Tuesday, January 21, 2014

THE UPPER CLASS BRITISH ACCENT


I'll take this opportunity to respond to a British commenter (name witheld by request) who said that he couldn't stand to hear upper class accents on the BBC. I love that accent myself, but then again I live in America and have never had it used against me in the form of a class weapon. I thought it might be fun to put myself behind his eyes, and try to see the language war the way he sees it.
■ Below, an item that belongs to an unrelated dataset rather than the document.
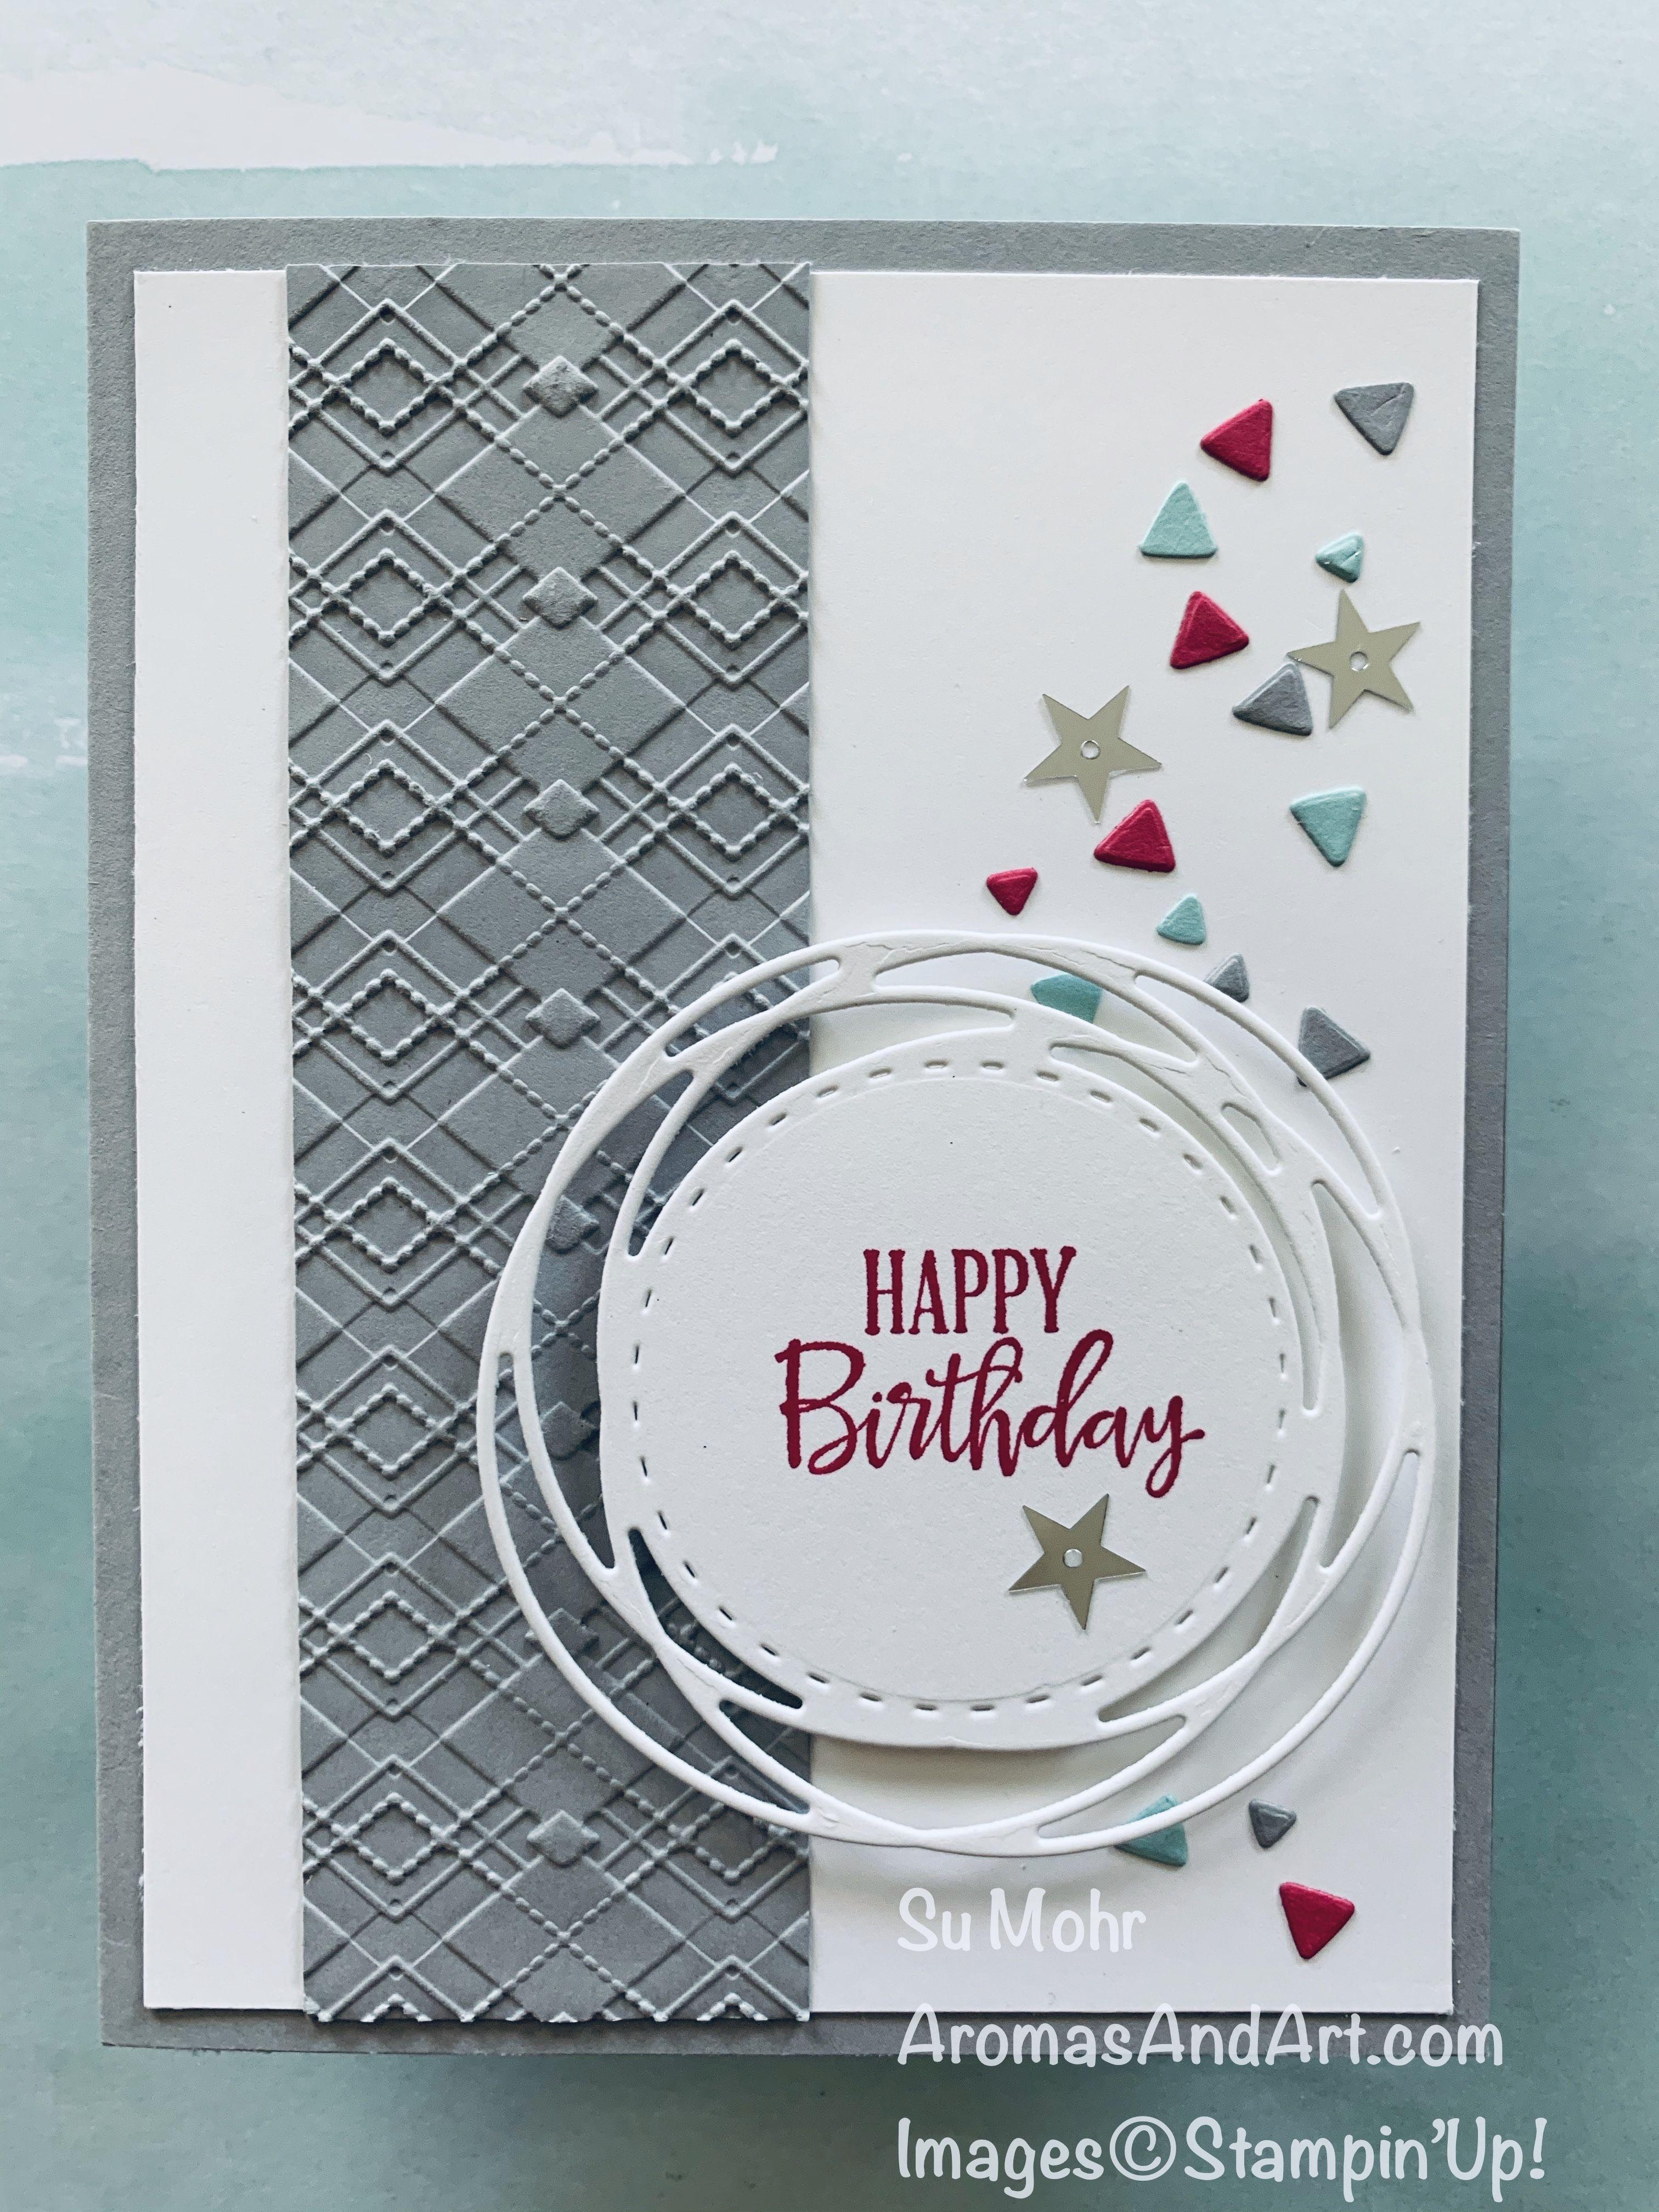 Masculine Argyle Birthday Card - Aromas and Art

The commenter must go nuts when he sees short films like the one above. In the film Peter Sellers is a twit, but he's confident that his accent and upper class bearing will get him a date with a girl he doesn't even know, and it does. This arrogant, aristocratic confidence drives the commenter crazy. It's as if the accent was deliberately devised, not just to insult and exclude working people, but to rub their noses in the insult in as many ways as possible. Well, maybe it was, at least in part. Even so, I can't really agree that Britain would be better off without it (the commenter never said that it would, but I'll pretend that he did)
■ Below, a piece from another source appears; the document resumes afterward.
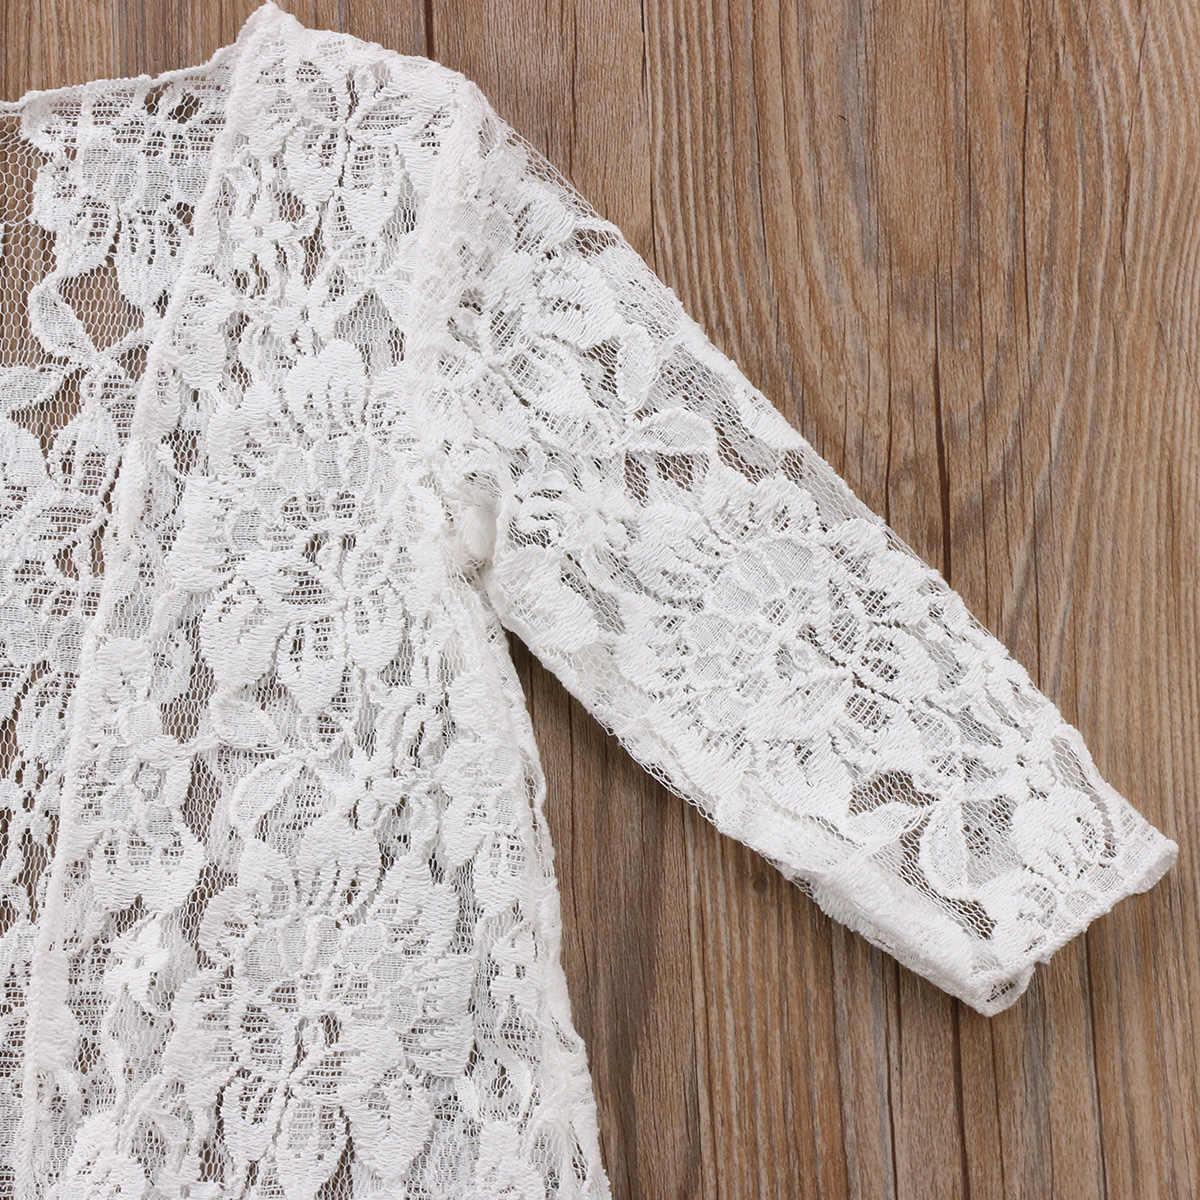 Fashion Anak-anak Bayi Perempuan Renda Bunga tabir surya Renda Putih Lengan Panjang Gaun Rashguard Pakaian Pakaian Luar Parit

Listen to Dylan Thomas (above) read "Do Not Go Gentle." Does anyone seriously think that poem would sound as good if it were read by a cockney? Does anyone imagine that the reader (Thomas) had the intention of suppressing anyone when he read it? My guess is that Thomas talks the way he does mainly because it strikes his poet's ear as beautiful...which it is...and because it connects him to Chaucer, Marlowe, Shakespeare, and Milton. If Britain ever exterminates that language, and the best part of the culture that goes with it, then Britain won't be Britain. It'll just be another tube stop at the edge of Eurasia.

 Let me digress to talk about what language and accent is. It's more than a conveyor of text. At the level Thomas uses it, it's layered with ideals of intellect and civilized behavior, of self-discipline, dignity and compassion, of manliness and efficacy. It's amazing that an accent was forged that can convey so much information, and can attach these qualities to whatever idea is being expressed. It's a language that attempts to improve the speaker and listener alike. I regard it as nothing less than miraculous...even if it is misused by people like the character Peter Sellers played.